Fair Credit Reporting Act and Privacy Act

Frank Willoughby frankw at in.net
Mon Feb 5 15:22:25 PST 1996


Verily at 03:05 PM 2/5/96 -0500, Duncan Frissell did write:

>At 08:25 AM 2/5/96 -0500, Frank Willoughby wrote:
>
>>If the Privacy Act were rewritten to be as strict as the BDSG, businesses
>>would have a (mandatory) legal requirement to:
>>
>>o Ensure that personal data is stored properly (by encrypting it, etc)
>>o Ensure that personal data is not distributed
>>o Ensure that databases are *not* being maintained which describe the
>>   characteristics of individuals (buying habits, income, property 
>>   ownership, etc) wantonly propagated by marketing (direct mail, 
>>   telemarketing, etc) companies.  
>>
>
>Unfortunately, it would also:
>
>*  Require government registration of computers and databases containing
>information about people (whether these computers are used by business or
>individuals).  This eases regulation of computers and future confiscation.

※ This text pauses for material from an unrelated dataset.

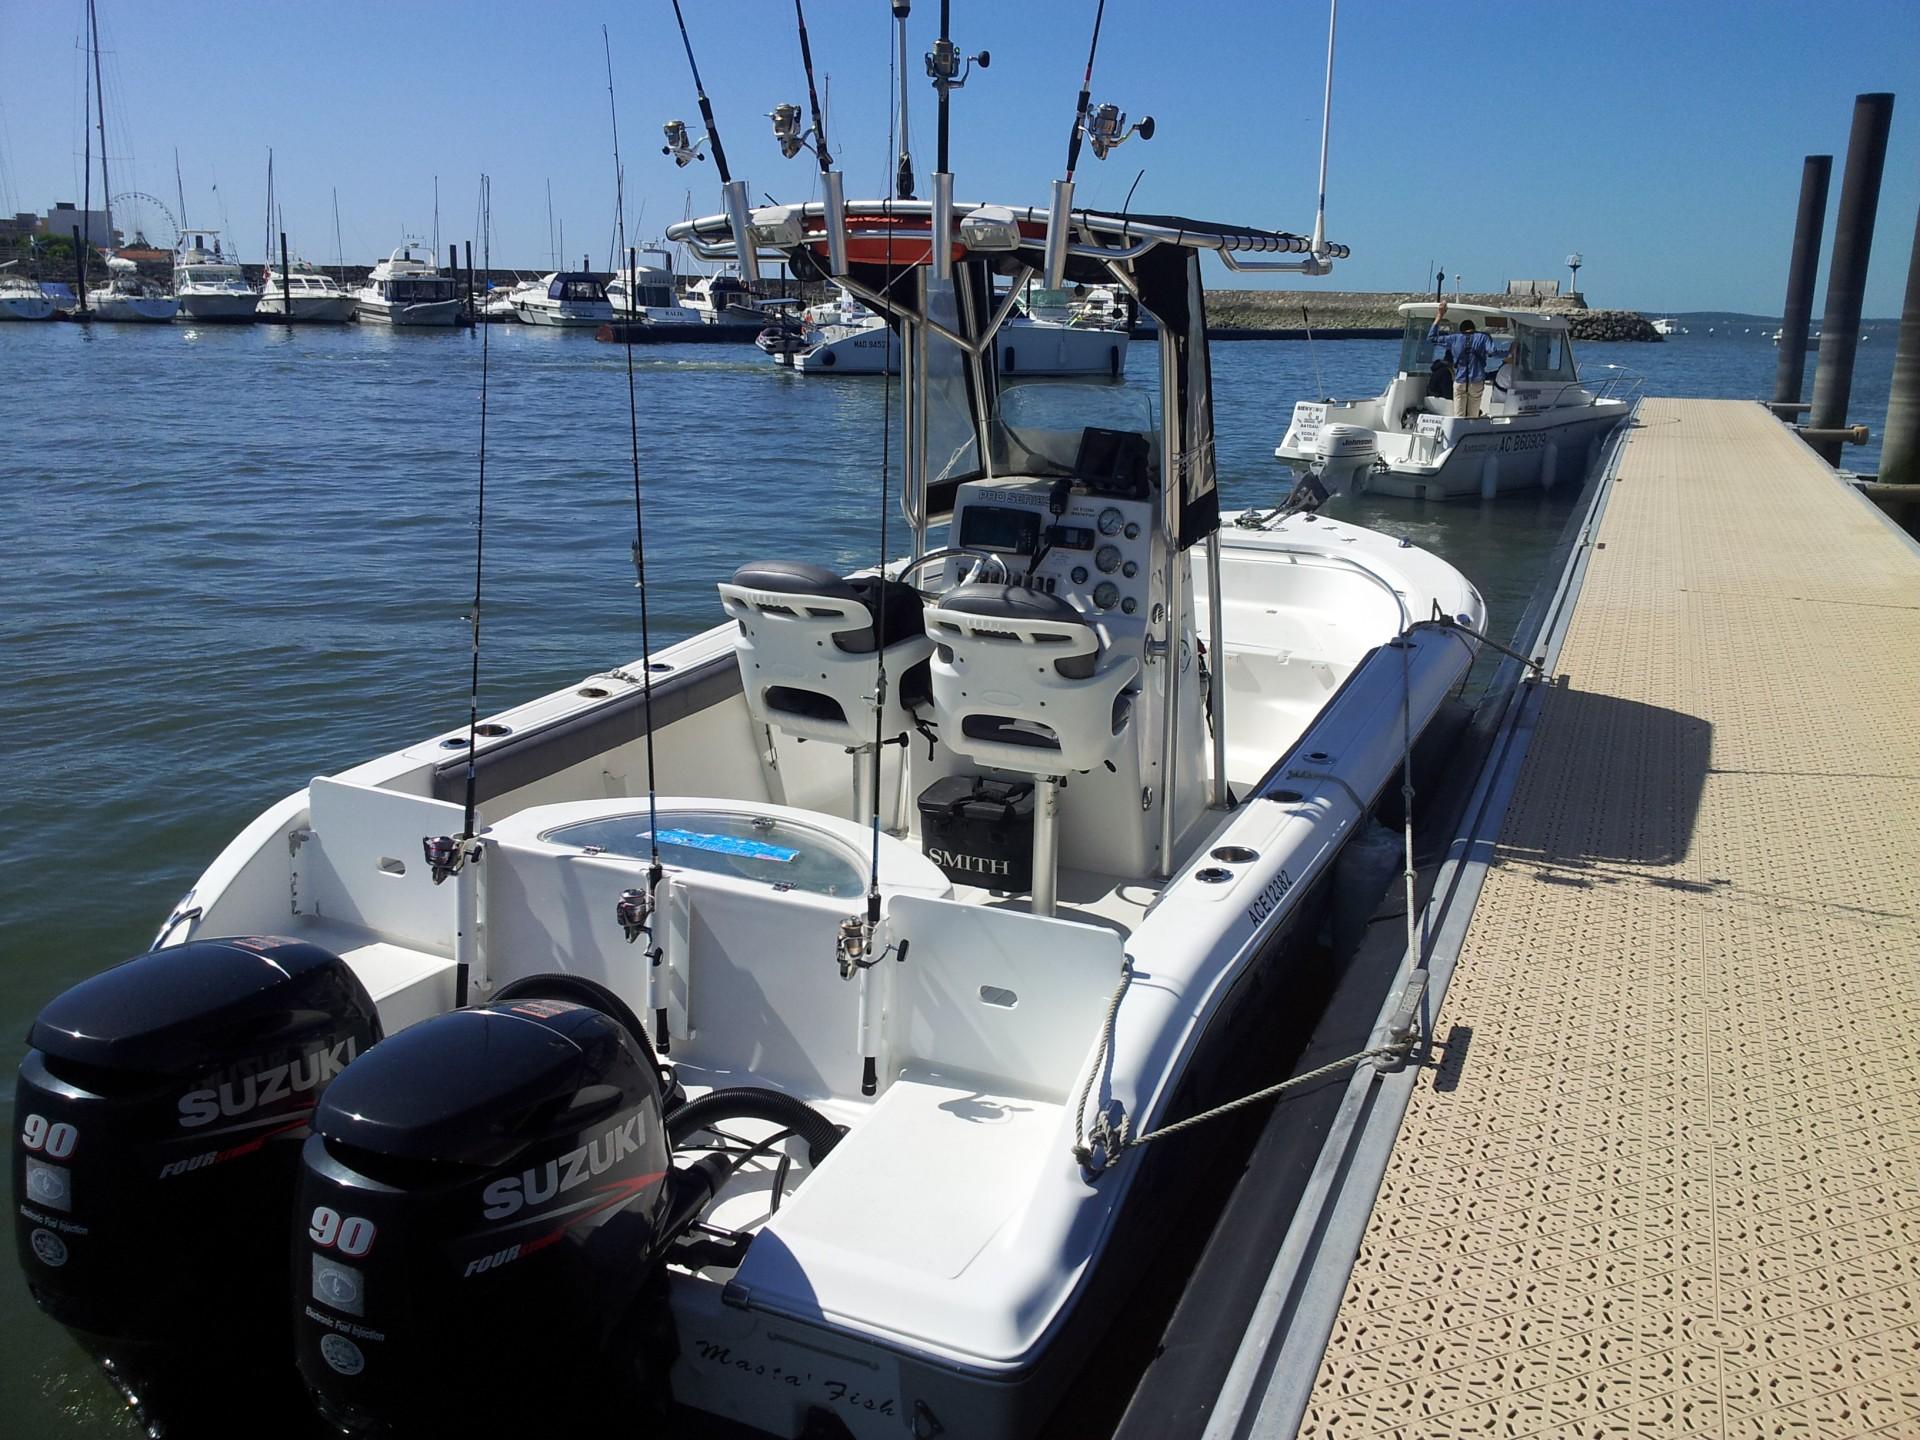 bateau de peche arcachon le mastafish jeremy dupin

Works great in theory, not in practice.  Having worked in Germany for 9 
years, I can *guarantee* that the German gov't hasn't implemented the 
above.  It may have been a good idea (in their eyes, not mine), but it 
isn't implementable in a democratic society - it bogs down in the 
implementation phase).  

Are you planning on registering every computer system that each person and 
company has with the gov't?  Most sysadmins I know are up to their ears in
work and are barely able (if at all) to recognize which users they have on 
their system, and why they have accounts at all (business justification).  
This might also get pretty wild when the ISPs get polled in terms of usage.  
(Compuserve notwithstanding).  

Gathering the registration data will be a bear to implement - keeping it 
current will be impossible (for the forseeable future).  Besides, this
would cast further shadows of "big brother" and remind former "ossies"
in the former GDR/DDR  & eastern block of days gone by - which they would 
probably rather not remember.

Also, just because Germany tries this approach (and fails), doesn't mean 
we have to repeat their mistake in this area.


>
>*  Reduce market efficiency by making it harder to match buyers and sellers
>(because neither could easily find out about he other) thus causing higher
>prices and poorer people. 

Actually, it would probably increase market efficiency as they would be 
spending their marketing budget on other appropriate methods which have 
a higher success-ratio.  I don't know what the success rates are of 
mass-mailings, or tele-marketing, but I doubt if they approach 1% (wild 
guess).  Seriously - what is your first impulse when you reach the phone
and find out the caller is a tele-marketer?  The annoyance factor is 
rather high for these.  More than likely, this was also the reason that
unsolicited mass-faxing of marketing info was forbidden by law a while 
ago?

FWIW, personally, I think many marketing organizations have gone off the 
deep end in their efforts to try to be effective (to wit: putting logos
on clothing, in video games, etc; sponsor's logos in Home Pages, 3-5 minutes
of TV commercials every 6-10 minutes of TV (for those rare moments one gets 
to watch TV (thank heavens for cable TV & CNN)).  8^)


>
>*  Do nothing to protect personal information from the government which
>would get to collect more of it than ever in the course of enforcing data
>protection laws.
>

You're assuming this isn't happening now?  IMO, that would be a rather naive
assumption.  Personally, I think that the law should also consider exactly 
this point.  The gov't should have no more access to personal information 
than it needs to carry on its job - and we as taxpayers should decide how 
much access they need to have.


>If you don't want people to know things about you, don't tell them.

Agreed....But, this essentially means giving up your phone, your credit 
cards, your house, your car, your job, and generally withdrawing from
society.  Not a particularly viable plan, IMO.  The main problem is 
that the companies do little to nothing about protecting an individual's
private data.  It isn't any of my business how much money, you make, 
the amount your home is worth, your credit rating, info about your 
family (wife, kids, etc), religion, etc - yet, all of these are within
the easy access of many individuals who don't have a "need-to-know" of 
this information.  If I don't have a "need-to-know" about this info, I
shouldn't be able to access it.

>
>DCF

Of course since we are re-writing the Privacy Act from scratch, we can
leave out the items you mentioned & design it the way it should be.